男性はギグメティスに一礼すると、用件を話しだす。
「奥様が次は買い物をご希望です。旦那様、至急お戻りください」
丁寧な言葉使いで簡潔に用件を伝える。
ギグメディスは「わかった……」と告げると、最後にスゥーっと葉巻を吸い上げ名残惜しそうに吐き出した。そして、葉巻の火を黒い陶器の端に押しつけ消すと、そのまま陶器の中に投げ捨てる。
そして立ち上がり、身なりを直すと――ジョーの方に振り向いた。
「では、またこれで、火をありがとうございます……」
そう、貴族の顔と品格を戻しつつ、ジョーに挨拶をして去っていく。
ジョーは最後に会釈をしてギグメティスを見送っていた。
【貴族も大変だな……。人というのは立場が上になるとそれ相応の振る舞いを求められる。本人の気持ちの有無は関係なく、な……】
ずっと黙っていたスネークが急に喋りだした。
「なんだ、起きていたのか? 静かだから寝ていたかと思ったよ……」
【私は寝た事などない。まったく、知っておるだろ】
「おい、この前カティアの時に寝ると言って無かったか?」
【気のせいだ……、それより、ジョーも戻らなくていいのか?】
(全くこの魔剣は……都合のいい事言いやがって、コロコロ話題を変えやがる)
ジョーは「わかってるよ!」と言いながら煙管の中にある煙草の燃えカスを黒い陶器の中に落とした。
その時、[コ―――ン!] と気持ちのいい音がする。
――そのまま。煙管を箱に詰め、ジョーは立ち上がり、蛇腹刀を担いでサイリアの待つ店内に戻って行く。
ジョーが席に戻ると――信じられない光景が広がっていた。
何と、パンケーキ2皿目に手を出しているサイリアの姿があった。

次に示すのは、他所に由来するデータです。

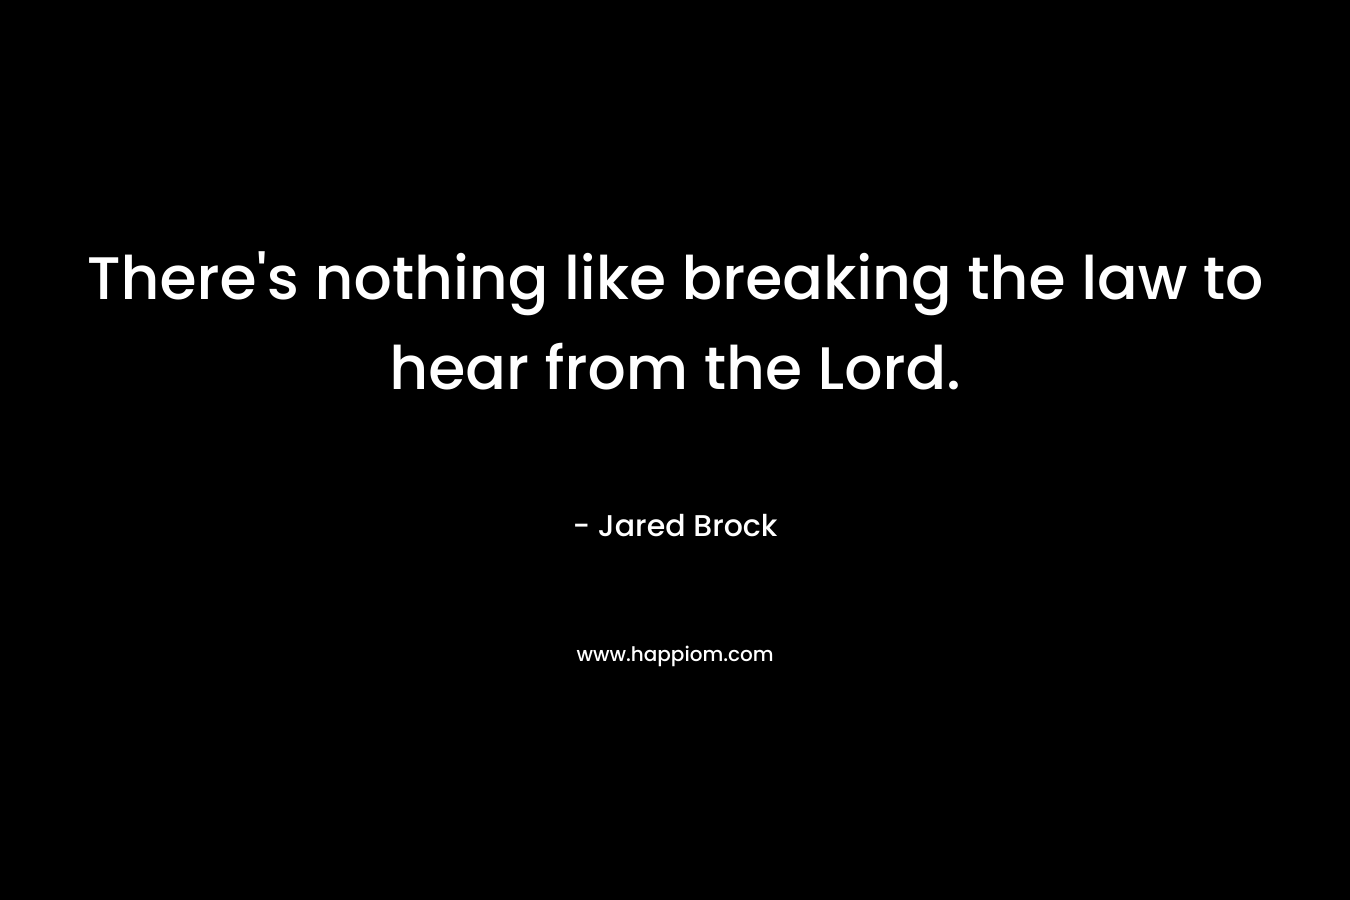 There’s nothing like breaking the law to hear from the Lord. – Jared Brock
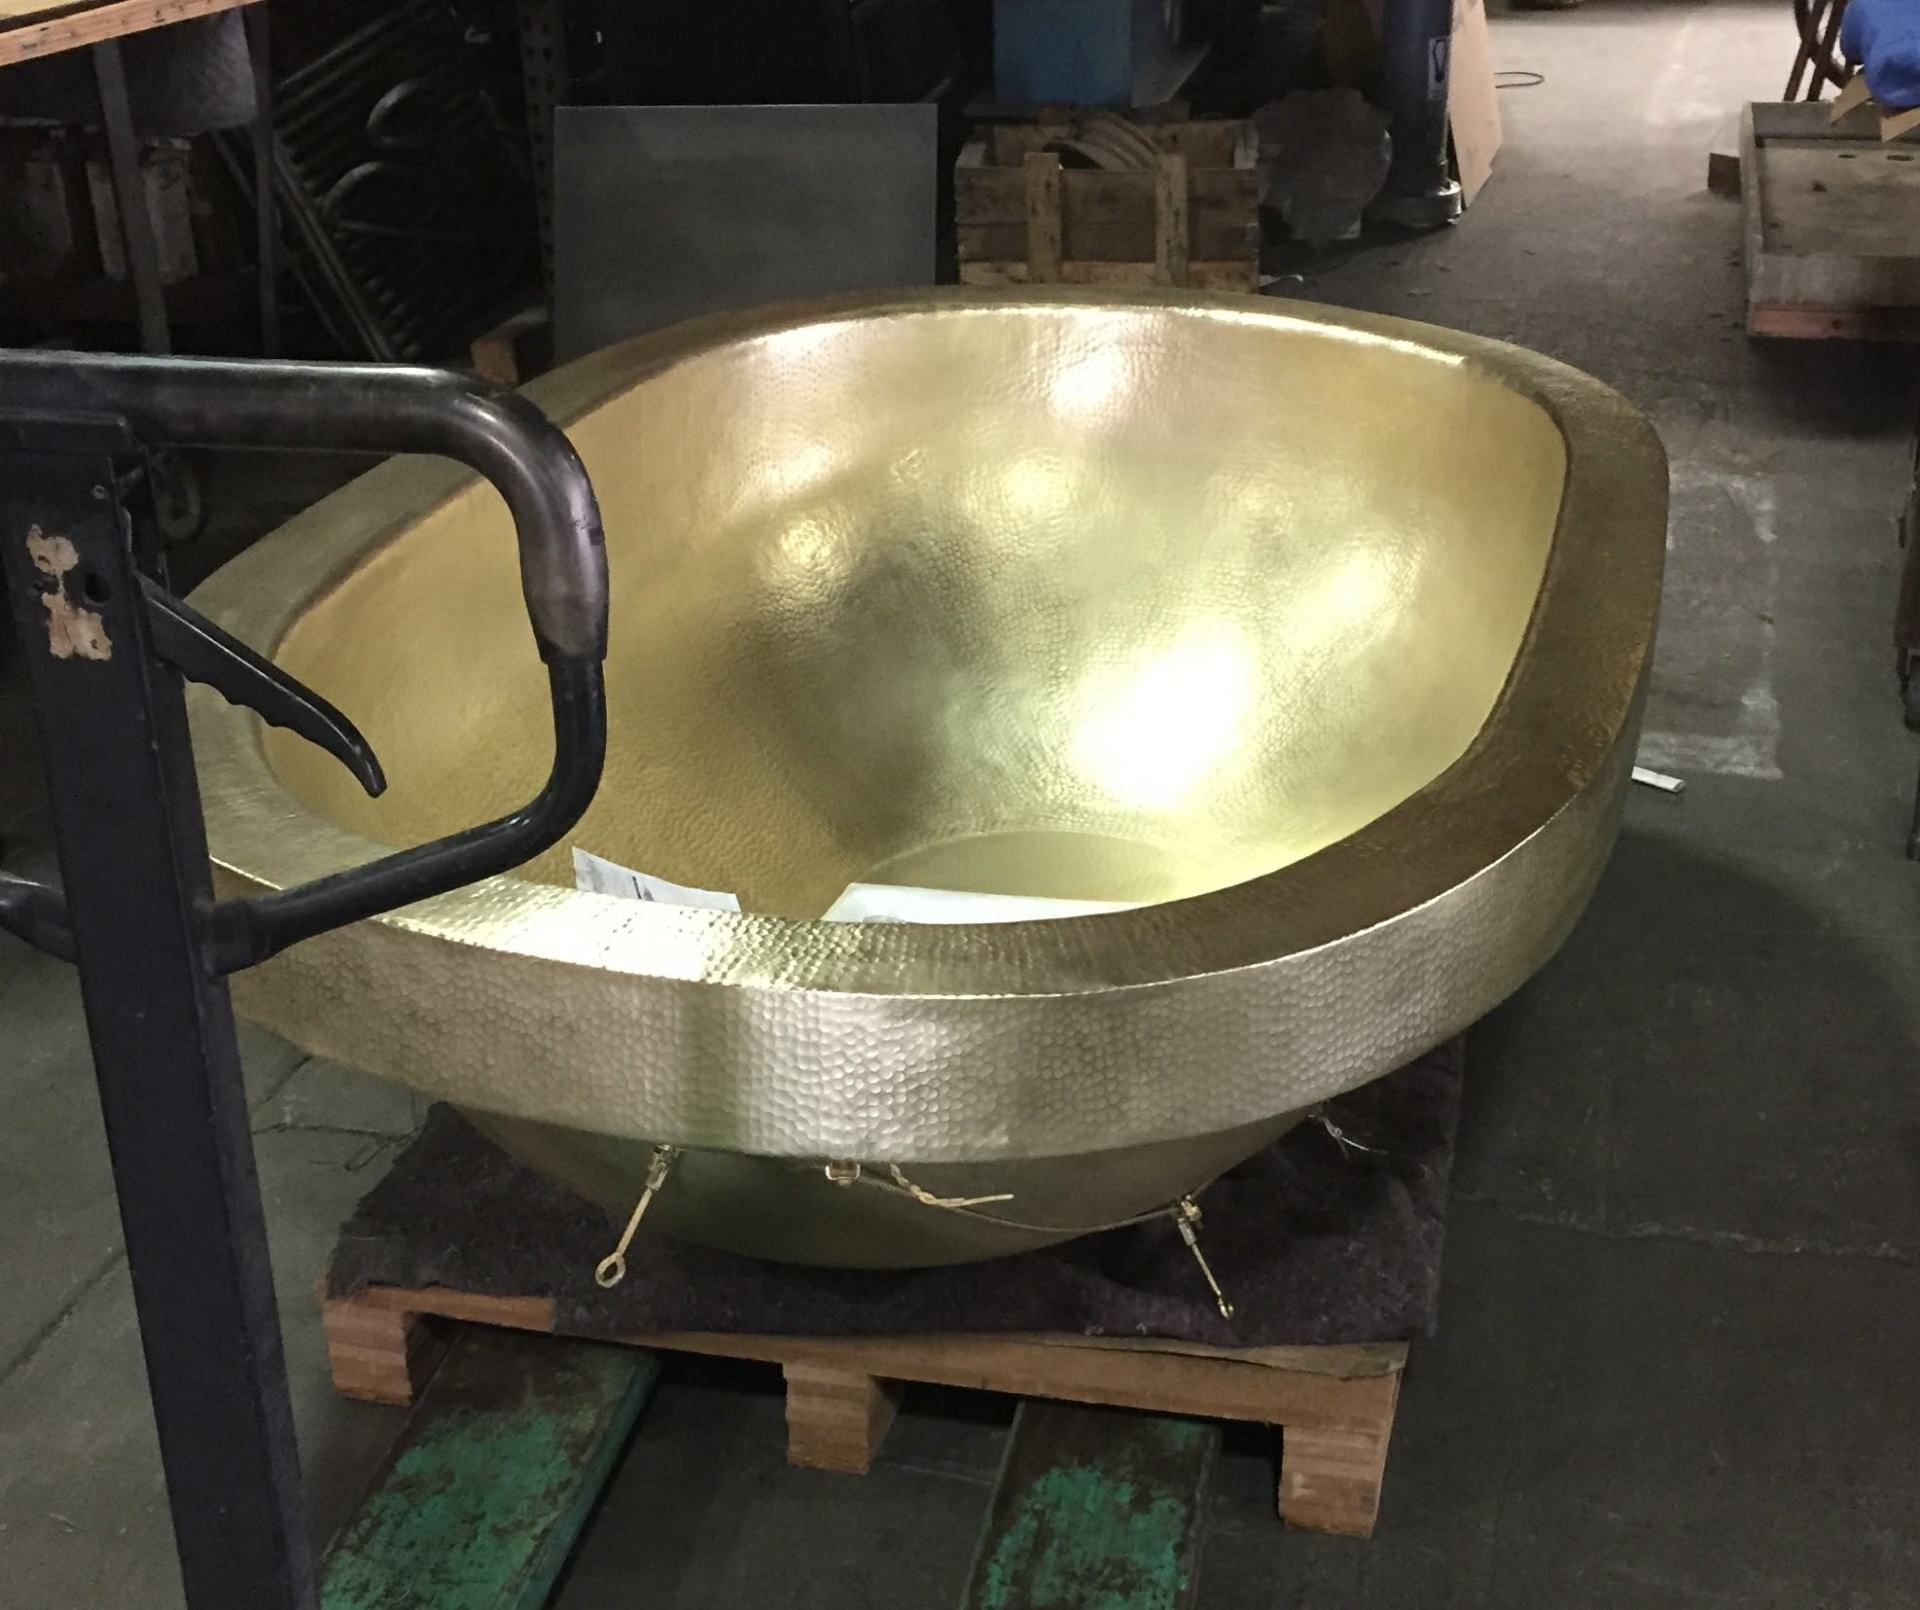 Gold Plated Tub - Metal Plating Company in Los Angeles, CA

さらに慮紅茶も追加で頼まれていた。
「サイリア……なんで2皿目食ってんだよ」
ジョーは席に座り開口一番にそう注意する。
「いいじゃない、それにさっきのとは違うの、こっちは果実たっぷりなんだから……」
自慢げにそう報告するサイリア。
「……」
(呆れて言葉も出ないよ……、1つでいいだろ?)
ジョーは無言のままサイリアを見つめ――(俺もさっきの貴族と似たようなモノか……)と思い、蛇腹刀を荷物が置いている椅子の脇に立て掛けた。
そうしてサイリアが食べ終わるまで、店内のどこかを見ながら店の様子を眺めているジョーがいた。
会計は――2人あわせて銅貨48枚掛かっていた。